### TRY IT
From first line to last, write out the data precisely as shown.

+++ WORKING DATA +++

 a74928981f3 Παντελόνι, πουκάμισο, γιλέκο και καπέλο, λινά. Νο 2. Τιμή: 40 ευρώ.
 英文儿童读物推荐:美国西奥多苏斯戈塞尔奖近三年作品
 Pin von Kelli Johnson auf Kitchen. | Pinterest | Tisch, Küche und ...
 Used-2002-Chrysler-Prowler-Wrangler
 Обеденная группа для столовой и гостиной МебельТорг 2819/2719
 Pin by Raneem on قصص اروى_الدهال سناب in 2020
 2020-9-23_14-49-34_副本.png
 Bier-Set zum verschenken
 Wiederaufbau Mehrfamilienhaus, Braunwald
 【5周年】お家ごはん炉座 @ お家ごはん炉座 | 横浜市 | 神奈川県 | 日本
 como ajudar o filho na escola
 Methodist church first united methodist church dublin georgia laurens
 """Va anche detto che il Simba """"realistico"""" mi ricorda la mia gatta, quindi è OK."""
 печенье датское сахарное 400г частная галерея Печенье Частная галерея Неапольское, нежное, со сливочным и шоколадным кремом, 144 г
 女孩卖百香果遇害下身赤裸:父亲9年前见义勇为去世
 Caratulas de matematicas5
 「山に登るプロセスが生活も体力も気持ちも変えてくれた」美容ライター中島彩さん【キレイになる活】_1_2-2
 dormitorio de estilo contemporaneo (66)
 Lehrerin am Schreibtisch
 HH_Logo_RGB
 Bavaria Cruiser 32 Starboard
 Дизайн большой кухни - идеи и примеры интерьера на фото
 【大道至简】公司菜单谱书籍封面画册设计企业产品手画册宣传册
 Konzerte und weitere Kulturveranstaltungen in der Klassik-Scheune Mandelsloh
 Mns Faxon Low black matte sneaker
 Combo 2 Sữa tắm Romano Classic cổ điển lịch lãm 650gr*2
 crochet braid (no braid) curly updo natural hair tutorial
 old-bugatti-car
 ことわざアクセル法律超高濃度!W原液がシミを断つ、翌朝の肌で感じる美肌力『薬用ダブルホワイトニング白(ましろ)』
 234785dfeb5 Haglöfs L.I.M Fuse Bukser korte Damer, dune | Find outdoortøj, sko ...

+++

### RESPONSE
 a74928981f3 Παντελόνι, πουκάμισο, γιλέκο και καπέλο, λινά. Νο 2. Τιμή: 40 ευρώ.
 英文儿童读物推荐:美国西奥多苏斯戈塞尔奖近三年作品
 Pin von Kelli Johnson auf Kitchen. | Pinterest | Tisch, Küche und ...
 Used-2002-Chrysler-Prowler-Wrangler
 Обеденная группа для столовой и гостиной МебельТорг 2819/2719
 Pin by Raneem on قصص اروى_الدهال سناب in 2020
 2020-9-23_14-49-34_副本.png
 Bier-Set zum verschenken
 Wiederaufbau Mehrfamilienhaus, Braunwald
 【5周年】お家ごはん炉座 @ お家ごはん炉座 | 横浜市 | 神奈川県 | 日本
 como ajudar o filho na escola
 Methodist church first united methodist church dublin georgia laurens
 """Va anche detto che il Simba """"realistico"""" mi ricorda la mia gatta, quindi è OK."""
 печенье датское сахарное 400г частная галерея Печенье Частная галерея Неапольское, нежное, со сливочным и шоколадным кремом, 144 г
 女孩卖百香果遇害下身赤裸:父亲9年前见义勇为去世
 Caratulas de matematicas5
 「山に登るプロセスが生活も体力も気持ちも変えてくれた」美容ライター中島彩さん【キレイになる活】_1_2-2
 dormitorio de estilo contemporaneo (66)
 Lehrerin am Schreibtisch
 HH_Logo_RGB
 Bavaria Cruiser 32 Starboard
 Дизайн большой кухни - идеи и примеры интерьера на фото
 【大道至简】公司菜单谱书籍封面画册设计企业产品手画册宣传册
 Konzerte und weitere Kulturveranstaltungen in der Klassik-Scheune Mandelsloh
 Mns Faxon Low black matte sneaker
 Combo 2 Sữa tắm Romano Classic cổ điển lịch lãm 650gr*2
 crochet braid (no braid) curly updo natural hair tutorial
 old-bugatti-car
 ことわざアクセル法律超高濃度!W原液がシミを断つ、翌朝の肌で感じる美肌力『薬用ダブルホワイトニング白(ましろ)』
 234785dfeb5 Haglöfs L.I.M Fuse Bukser korte Damer, dune | Find outdoortøj, sko ...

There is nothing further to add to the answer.